An agent actually got me a job to write another book, one about USC football coach John McKay who had led USC to four national titles, fine-tuned the I-formation and created “student body right.” A man of wisdom and great wit, and one whom I had admired and felt made me grow up some at college; it seemed like a good deal. But I was afraid to be typecast further in sports, I wanted to do something more meaningful and I wanted to honor my friend Harry Anderson’s memory by doing a book on his story. Several weeks after telling me the tale, he told me he felt sick and was going home. Two weeks later he was dead from a large tumor alongside his heart. I turned over the McKay book to USC’s publicist Jim Perry and tried to investigate Anderson’s tale. Trott was cooperative but a key witness was not. A long-time associate of the perpetrator who turned evidence wanted to be paid to talk. I was stonewalled and the book slipped away for inability to obtain the facts. What I had gained from the try, as I had gained by meeting Van de Kamp when doing the DePalma story, meeting Trott. But it would be four years until I knew it as to either.

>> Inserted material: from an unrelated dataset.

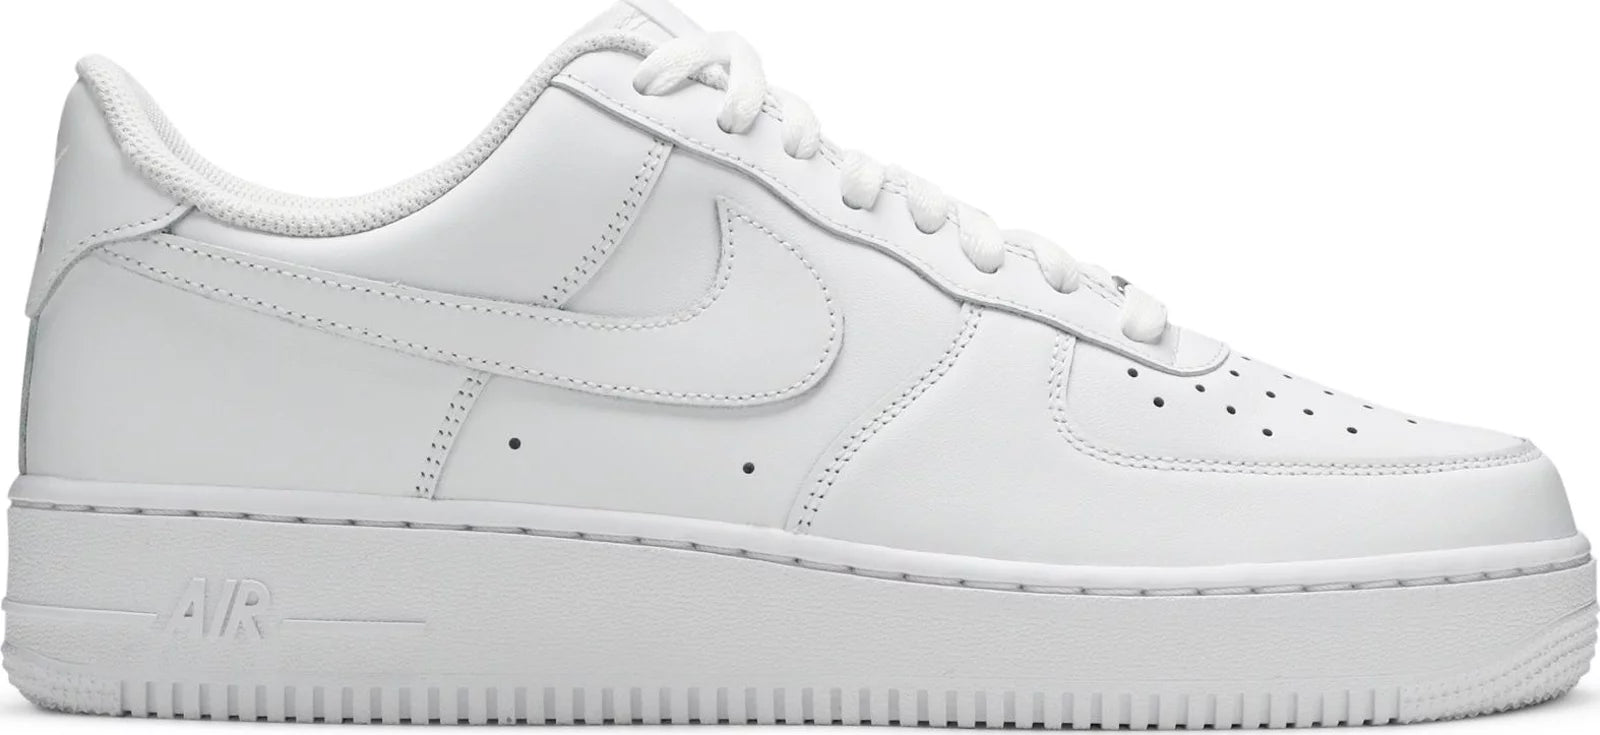 nike air force 1 low white 930606

I had also had upset the office. A veteran deputy, David Vinje, who specialized in defending against the worst of crimes was murdered in a bar hold-up at “LoLa”s a drinking water hole in the valley. I saw the irony and perhaps still suffering from my own father’s death sympathized with his wife and children. I met with them, researched the story and questioned public defenders whether the incident affected their opinions on the death penalty issue. I had a dream of writing for Playboy. Despite the pictures, I thought it published the best articles but my piece was rejected. However, Plaboy said it was great and recommended I send it to West Magazine, the Sunday supplement for the Los Angeles Times, which not only bought it but it did an inside profile on me. I felt on top of the world believing this would be the catalyst to excise me from law and give me the career I yearned. The story was even optioned for film but never got picked up.

The Public Defender’s office, however didn’t share my elation. The head of the office summoned me and gave a lecture on writing about the office without their permission. I realized there was political fear over having an uncontrolled writer in the office. I was told point blank not to do it again. I quit.